Reputation: 21
I tried to get some data from the Amazon website with this code:
public class Bot {
public static void main(String[] args) throws IOException {
BufferedReader buff;
InputStreamReader inStream;
String htmlCode = null;
try{
URL url = new URL("http://www.amazon.it/gp/bestsellers/electronics/473246031/ref=s9_dnav_bw_ir12_z?pf_rd_m=A11IL2PNWYJU7H&pf_rd_s=center-1&pf_rd_r=1VC27Z69NFM1FJAR2YNY&pf_rd_t=101&pf_rd_p=245982287&pf_rd_i=412609031");
URLConnection urlConnection = (URLConnection)url.openConnection();
inStream = new InputStreamReader(urlConnection.getInputStream());
buff = new BufferedReader(inStream);
while(true){
if (buff.readLine()!=null){
htmlCode += buff.readLine() + "\n";
}else{
break;
}
}
int startFrom = htmlCode.indexOf("<div class=\"zg_rank\">");
int endFrom = htmlCode.indexOf("</div>");
String idNumber = htmlCode.substring(startFrom, endFrom);
System.out.println(idNumber);
}catch(Exception e){};
}
}
So what did I wrong? How can I fix this?
Upvotes: 2
Views: 11135
Reputation: 31
No my friend, your code is correct. However, a string instance cannot hold the whole page. Here is how you point from the beginning to the end of your div in question:
boolean CodeNeeded = false;
while ((line = br.readLine()) != null) {
// Here I Point on the beginig of the Code needed
if(line.contains("<div class=\"zg_rank\">")){
CodeNeeded = true;
}
// Here I Point on the End of the Code needed
if (line.contains("</div>")) {
CodeNeeded = false;
}
// If the Code is needed Stored it in DivWanted
if(CodeNeeded) {
DivWanted += line + "\n";
}
}
Upvotes: 3
Reputation: 2337
Maybe you need to try something like that:
int startFrom = htmlCode.indexOf("<div class=\"zg_rank\">");
int endFrom = htmlCode.indexOf("</div>", startFrom);
Than you search first </div>
appearance after <div class="zg_rank">
.
Upvotes: 0
Reputation: 424973
I'm trying to use telepathy, and I think it worked!

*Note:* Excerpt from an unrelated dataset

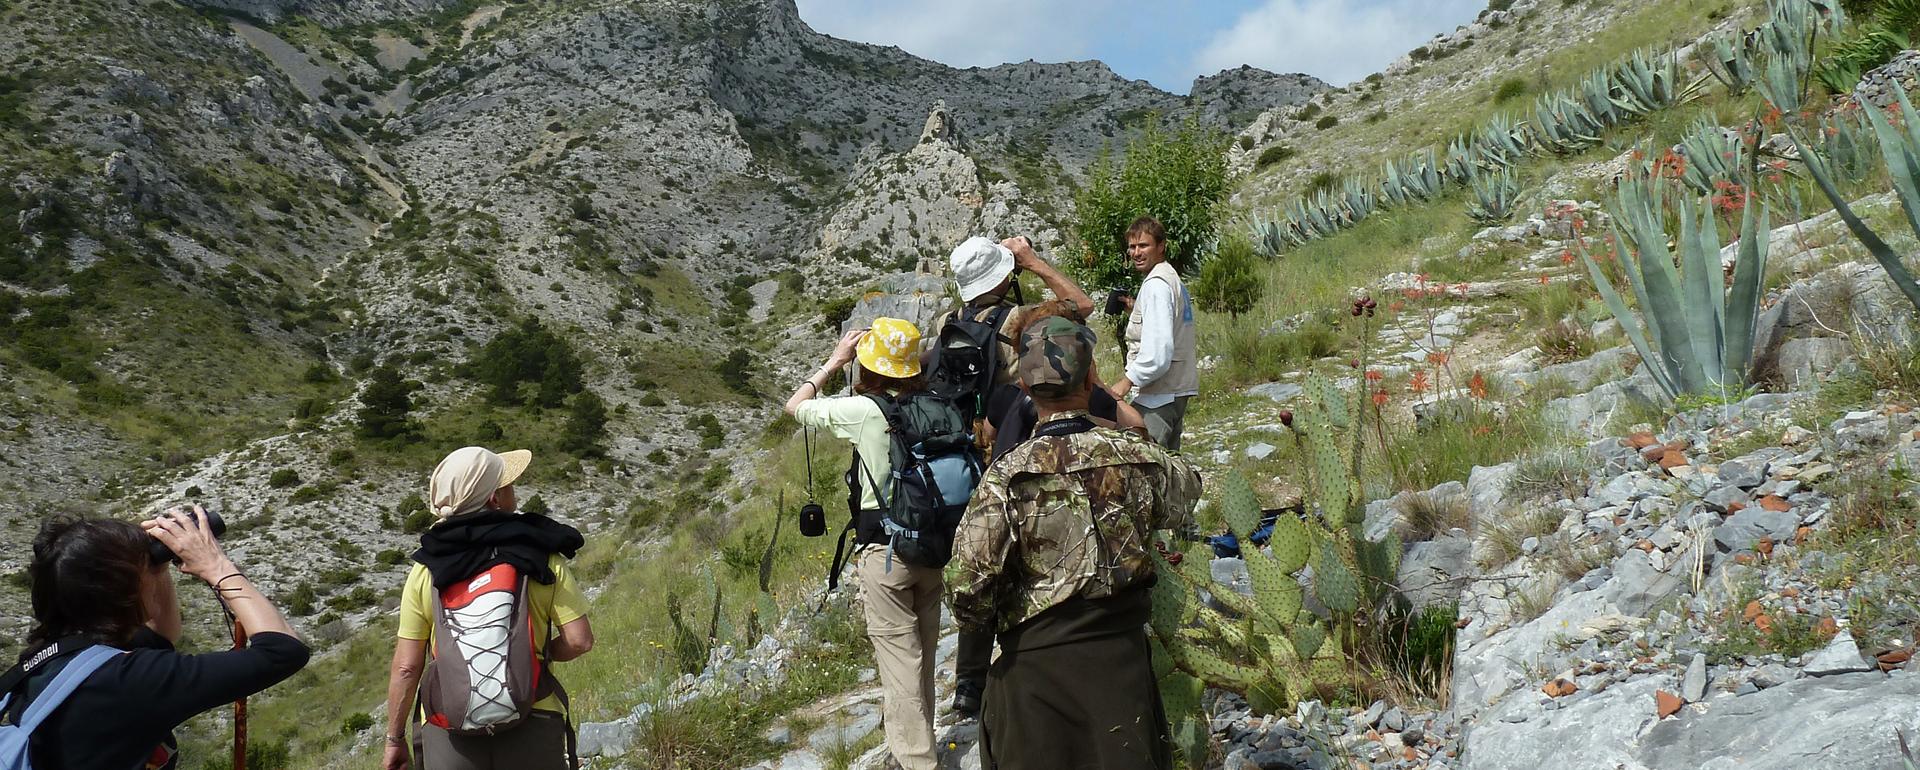 Observation des oiseaux en migrationParc naturel de la Narbonnaise

I think your problem is the endFrom
. Try this:
int endFrom = htmlCode.lastIndexOf("</div>"); // lastIndexOf, not indexOf
Otherwise, you'll only get up to the first </div>
EDITED:
To get the next </div>
after your start, use this:
int endFrom = htmlCode.indexOf("</div>", startFrom); // Add 2nd parameter
Upvotes: 0